The problem is most likely stronger in France.


I bet Cthulhu's rates are dead high ;)

Maybe you should try again in a few months...? In the UK things are looking better now, but then again, in last 3 years they were much worse than in the Eurozone.


I had to double-check the author of the article.

For a second I thought Eddard Stark was freelancing for the Wall Street Journal.


It's always fascinating to me when the population knows that certain events don't affect their line of business, but they let it influence them anyway. It happens so much, not just in private equity, but in corporate finance too.


" Prediction is very hard, especially about the future " - Yogi Berra


Where should investors be putting their money? The stock market is extremely volatile, and it is no higher than it was years ago. T-bonds are paying historically low interest. Even real estate looks really risky. Meanwhile, startups have been doing relatively well. Startups like AirBNB, Groupon, and Dropbox have all grown really fast.


Who cares about the short term cycles, as time goes by there is more and more money to be made online and ever increasing amounts of quality web companies being started. Those that stop investing will just miss out on quality companies.

Sure the valuations may not be as crazy high but that didn't seem to be a bad thing a few years ago.


I'd call BS on anyone saying the investment climate is going to be markedly different 3 to 6 months from now. no one has a crystal ball, and neither does he have inside information unavailable to everyone else.


He laid out his reasoning quite clearly - do you disagree with his points? If so, which ones and why?


The sustainability hypothesis is broken.

investment in VC firms also lags investment by VCs. As a result, you can't look at the fact that deployed capital currently exceed AUM and conclude that somehow the trend will continue. I fully expect VC firms to raise more money as there are more investible opportunities.

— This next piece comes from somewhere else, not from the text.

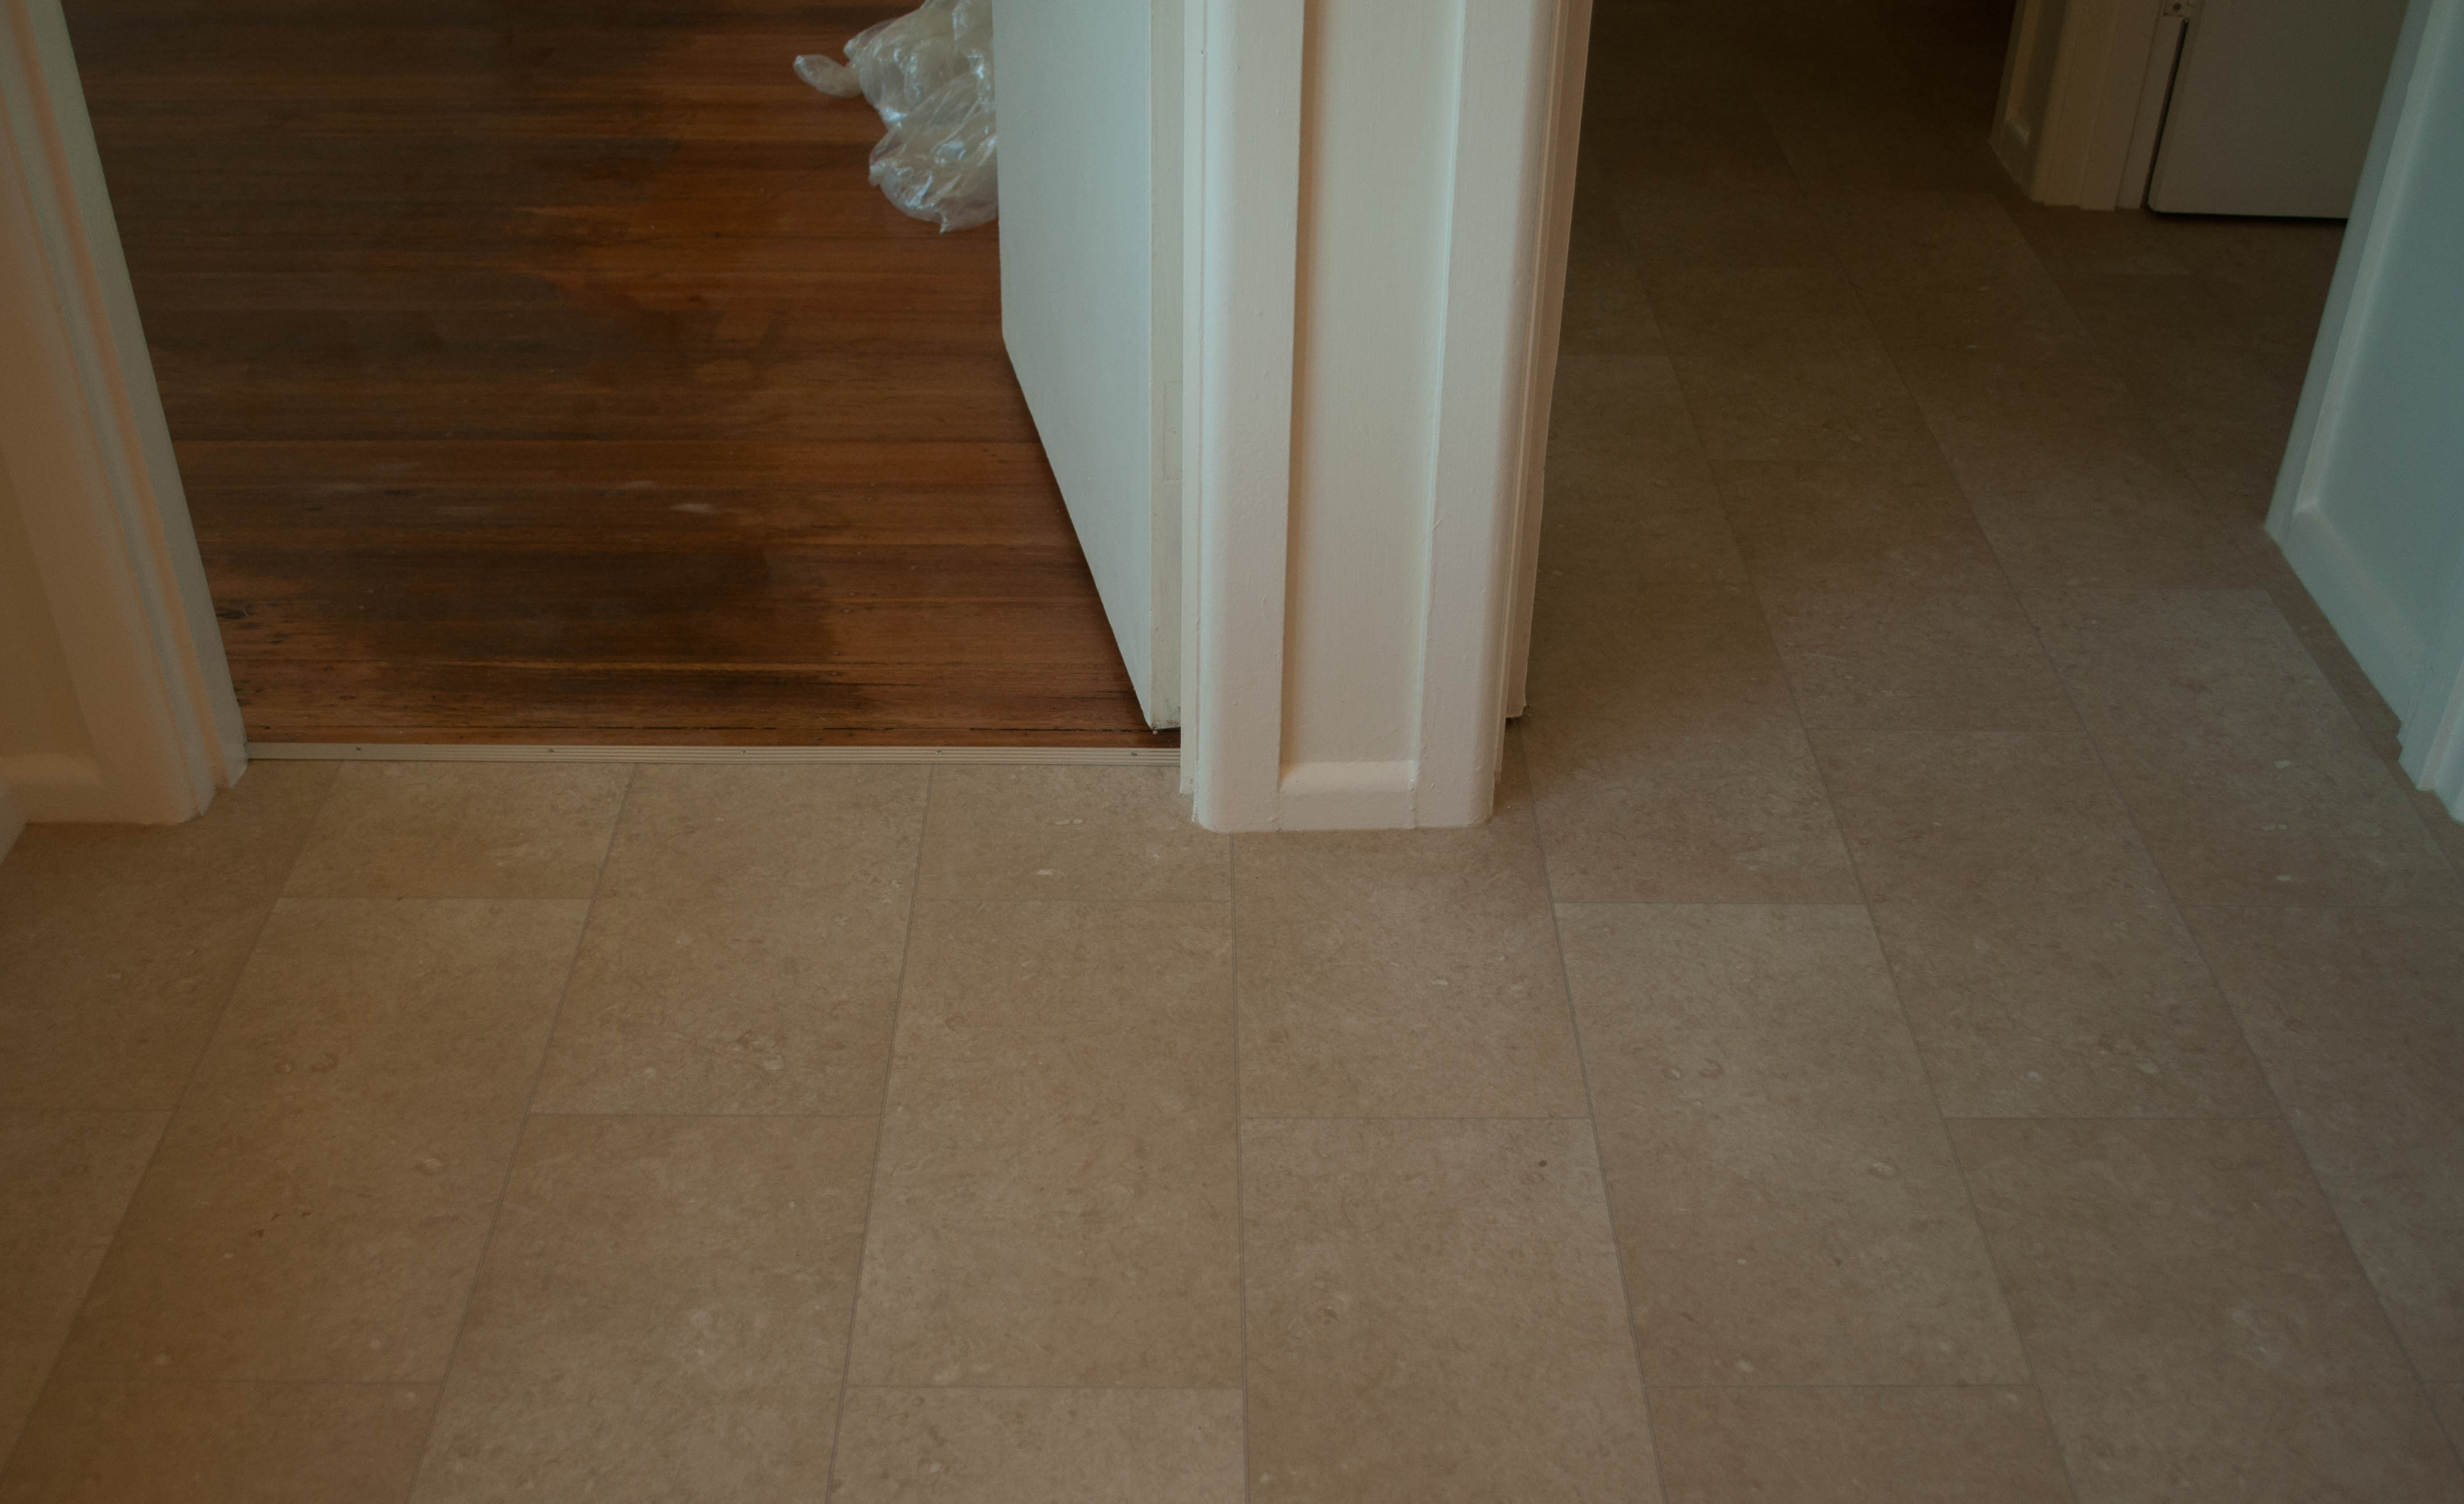 showing the floor in a dining room and adjoining passage that has a cream colored sheet vinyl installed on top of it.

To put it concretely, there is a state of the world in which VC firms leverage up (at very low rates), reducing the amount of money they need to accept upfront. Imagine that the firms arranged for a 2x leverage scenario. Then, they would only need about 7.2 B to service the 14.3B investment, much less than the 8.1 B invested

And as far as market moves are concerned, the fact that even smart money is getting slammed in the market moves suggests that most asset classes are poor short-term investments. And for those things that are doing well (e.g. gold), margin pressures and other actions (e.g. redemptions) are slowly forcing people out of those markets. In fact, he admits as much: " A number of sharp daily swings highlighted the volatility that makes venture capitalists and other investors nervous about investing." nervous about investing in equities and derivatives markets, not in startups which aren't subject to the whims of the stock market.


"[Investors are] nervous about investing in equities and derivatives markets, not in startups which aren't subject to the whims of the stock market."

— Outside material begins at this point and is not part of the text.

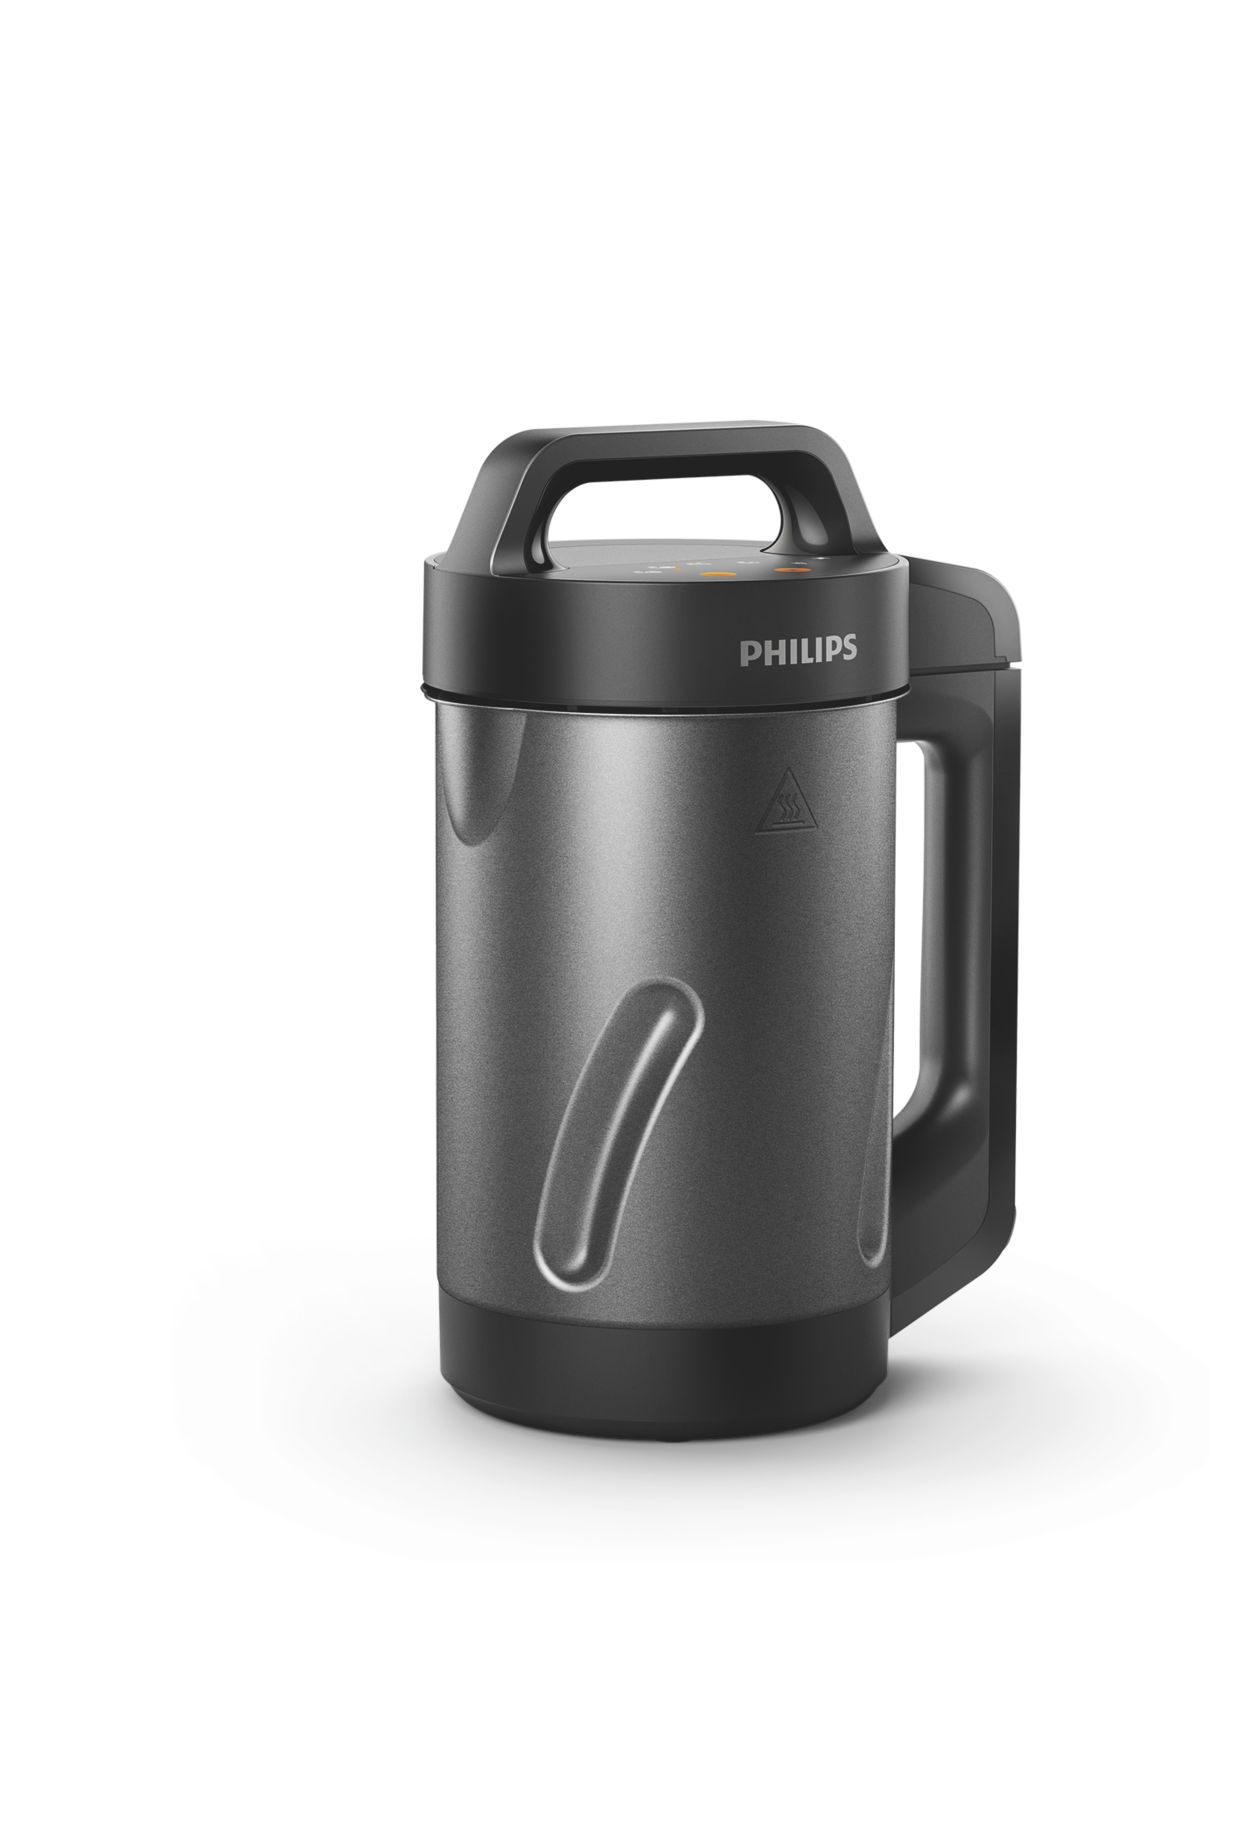 New Philips Viva Collection Soup Maker, Black & Stainless Steel

Um...what? I know that around here people tend to focus disproportionately on the "exits" involving Google buying dinky, 2-person companies for talent, but industry-wide VC returns are predicated almost exclusively upon stock market performance. IPOs don't do well in bear markets, and if there's no IPO market, there's no venture capital. If there's no VC, there's no angel investment. Google can't prop up the whole ecosystem.

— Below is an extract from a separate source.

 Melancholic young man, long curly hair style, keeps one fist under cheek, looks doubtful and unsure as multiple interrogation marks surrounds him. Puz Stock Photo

It might take a few years to shake out (especially to work its way down to the angel investors), but if the recent bear markets hold, the money will do what it's always done in bear markets: go to cash, bonds and other conservative vehicles -- even if it means taking a small loss. The hypothesis that people will suddenly start making speculative investments because bond yields are low ignores the very factors that are making bond yields low in the first place.


Is down IPO market due to bear market or SOX regulation?

I think IPOs went down well before 2008. Classic unintended consequence, where SOX hurts IPOs, which hurts VCs, which hurts startups, which hurts job creation...


Companies have been postponing IPOs due to crappy market conditions for several months now. Did Sarbanes-Oxley have something to do with it? Yes. Is it the exclusive problem? Obviously not.